▶ [What the task requires]:
Copy every line of the following data that includes the string "para".

[Collected data]
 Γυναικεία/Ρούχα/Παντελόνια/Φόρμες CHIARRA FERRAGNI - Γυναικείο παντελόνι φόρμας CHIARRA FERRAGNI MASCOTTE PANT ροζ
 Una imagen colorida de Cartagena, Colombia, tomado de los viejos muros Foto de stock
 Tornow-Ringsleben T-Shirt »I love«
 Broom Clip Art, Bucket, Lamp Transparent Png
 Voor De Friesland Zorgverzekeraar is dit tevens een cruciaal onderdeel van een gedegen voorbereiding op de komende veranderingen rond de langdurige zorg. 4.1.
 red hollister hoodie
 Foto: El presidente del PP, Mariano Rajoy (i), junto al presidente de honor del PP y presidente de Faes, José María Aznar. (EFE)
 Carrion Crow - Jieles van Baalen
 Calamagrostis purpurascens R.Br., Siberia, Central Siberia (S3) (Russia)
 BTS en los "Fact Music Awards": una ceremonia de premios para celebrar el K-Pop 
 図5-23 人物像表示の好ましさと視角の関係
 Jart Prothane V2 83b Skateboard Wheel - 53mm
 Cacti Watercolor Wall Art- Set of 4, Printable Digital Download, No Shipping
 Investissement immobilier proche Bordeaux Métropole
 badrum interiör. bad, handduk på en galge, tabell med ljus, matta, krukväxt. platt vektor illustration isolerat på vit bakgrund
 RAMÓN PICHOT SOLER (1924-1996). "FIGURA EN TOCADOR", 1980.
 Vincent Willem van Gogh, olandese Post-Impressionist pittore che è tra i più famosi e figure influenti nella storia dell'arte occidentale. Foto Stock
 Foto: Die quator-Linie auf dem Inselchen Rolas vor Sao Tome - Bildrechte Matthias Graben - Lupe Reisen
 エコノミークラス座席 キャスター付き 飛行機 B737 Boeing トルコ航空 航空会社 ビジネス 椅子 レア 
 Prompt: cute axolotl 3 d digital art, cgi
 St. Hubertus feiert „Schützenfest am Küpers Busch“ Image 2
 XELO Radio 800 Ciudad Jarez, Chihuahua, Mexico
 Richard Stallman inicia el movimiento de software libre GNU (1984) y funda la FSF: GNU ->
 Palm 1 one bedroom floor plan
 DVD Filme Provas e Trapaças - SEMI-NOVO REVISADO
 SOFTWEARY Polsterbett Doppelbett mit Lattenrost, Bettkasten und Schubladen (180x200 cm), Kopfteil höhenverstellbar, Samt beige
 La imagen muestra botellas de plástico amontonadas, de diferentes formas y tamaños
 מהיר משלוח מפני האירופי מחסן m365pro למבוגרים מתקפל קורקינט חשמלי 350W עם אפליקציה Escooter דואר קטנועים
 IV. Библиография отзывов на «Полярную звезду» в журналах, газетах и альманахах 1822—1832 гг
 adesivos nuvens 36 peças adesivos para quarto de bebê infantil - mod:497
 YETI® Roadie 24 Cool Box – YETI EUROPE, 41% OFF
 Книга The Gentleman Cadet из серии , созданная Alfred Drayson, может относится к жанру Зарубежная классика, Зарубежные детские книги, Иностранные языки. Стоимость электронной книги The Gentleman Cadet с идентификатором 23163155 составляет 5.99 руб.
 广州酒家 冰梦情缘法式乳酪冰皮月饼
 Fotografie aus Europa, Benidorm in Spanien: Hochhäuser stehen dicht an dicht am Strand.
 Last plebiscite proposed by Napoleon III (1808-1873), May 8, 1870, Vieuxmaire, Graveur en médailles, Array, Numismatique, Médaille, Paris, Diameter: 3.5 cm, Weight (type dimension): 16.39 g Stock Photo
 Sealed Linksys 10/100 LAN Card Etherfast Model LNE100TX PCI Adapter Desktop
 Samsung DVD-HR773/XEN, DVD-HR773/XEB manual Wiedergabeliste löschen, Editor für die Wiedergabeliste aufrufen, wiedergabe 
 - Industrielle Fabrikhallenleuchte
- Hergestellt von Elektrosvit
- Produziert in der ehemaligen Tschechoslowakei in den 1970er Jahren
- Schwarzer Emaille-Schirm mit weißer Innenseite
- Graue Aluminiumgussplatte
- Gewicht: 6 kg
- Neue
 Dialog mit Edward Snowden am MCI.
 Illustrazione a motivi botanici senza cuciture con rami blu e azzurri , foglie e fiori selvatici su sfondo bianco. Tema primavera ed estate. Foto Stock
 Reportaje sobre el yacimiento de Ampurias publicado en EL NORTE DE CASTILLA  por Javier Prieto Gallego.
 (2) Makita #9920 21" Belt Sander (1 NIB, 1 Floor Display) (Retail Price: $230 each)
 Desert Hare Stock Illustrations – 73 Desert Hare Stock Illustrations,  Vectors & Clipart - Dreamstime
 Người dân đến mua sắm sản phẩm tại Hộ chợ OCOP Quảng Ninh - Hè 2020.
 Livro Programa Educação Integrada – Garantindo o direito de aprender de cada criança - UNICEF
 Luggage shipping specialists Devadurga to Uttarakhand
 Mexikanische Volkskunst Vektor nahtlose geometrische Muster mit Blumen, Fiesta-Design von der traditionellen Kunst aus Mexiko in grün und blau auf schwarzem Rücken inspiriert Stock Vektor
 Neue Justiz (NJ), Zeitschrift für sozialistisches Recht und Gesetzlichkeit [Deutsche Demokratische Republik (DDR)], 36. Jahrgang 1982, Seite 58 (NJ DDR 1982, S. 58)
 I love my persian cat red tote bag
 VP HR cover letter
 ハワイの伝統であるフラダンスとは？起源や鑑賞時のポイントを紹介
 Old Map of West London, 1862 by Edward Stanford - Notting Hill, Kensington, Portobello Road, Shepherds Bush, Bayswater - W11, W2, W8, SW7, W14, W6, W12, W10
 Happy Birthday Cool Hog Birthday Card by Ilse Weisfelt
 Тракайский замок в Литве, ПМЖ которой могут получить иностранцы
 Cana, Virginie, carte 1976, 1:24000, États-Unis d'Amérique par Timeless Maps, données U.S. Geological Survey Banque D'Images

▶ [Solved problem]:
 BTS en los "Fact Music Awards": una ceremonia de premios para celebrar el K-Pop 
 adesivos nuvens 36 peças adesivos para quarto de bebê infantil - mod:497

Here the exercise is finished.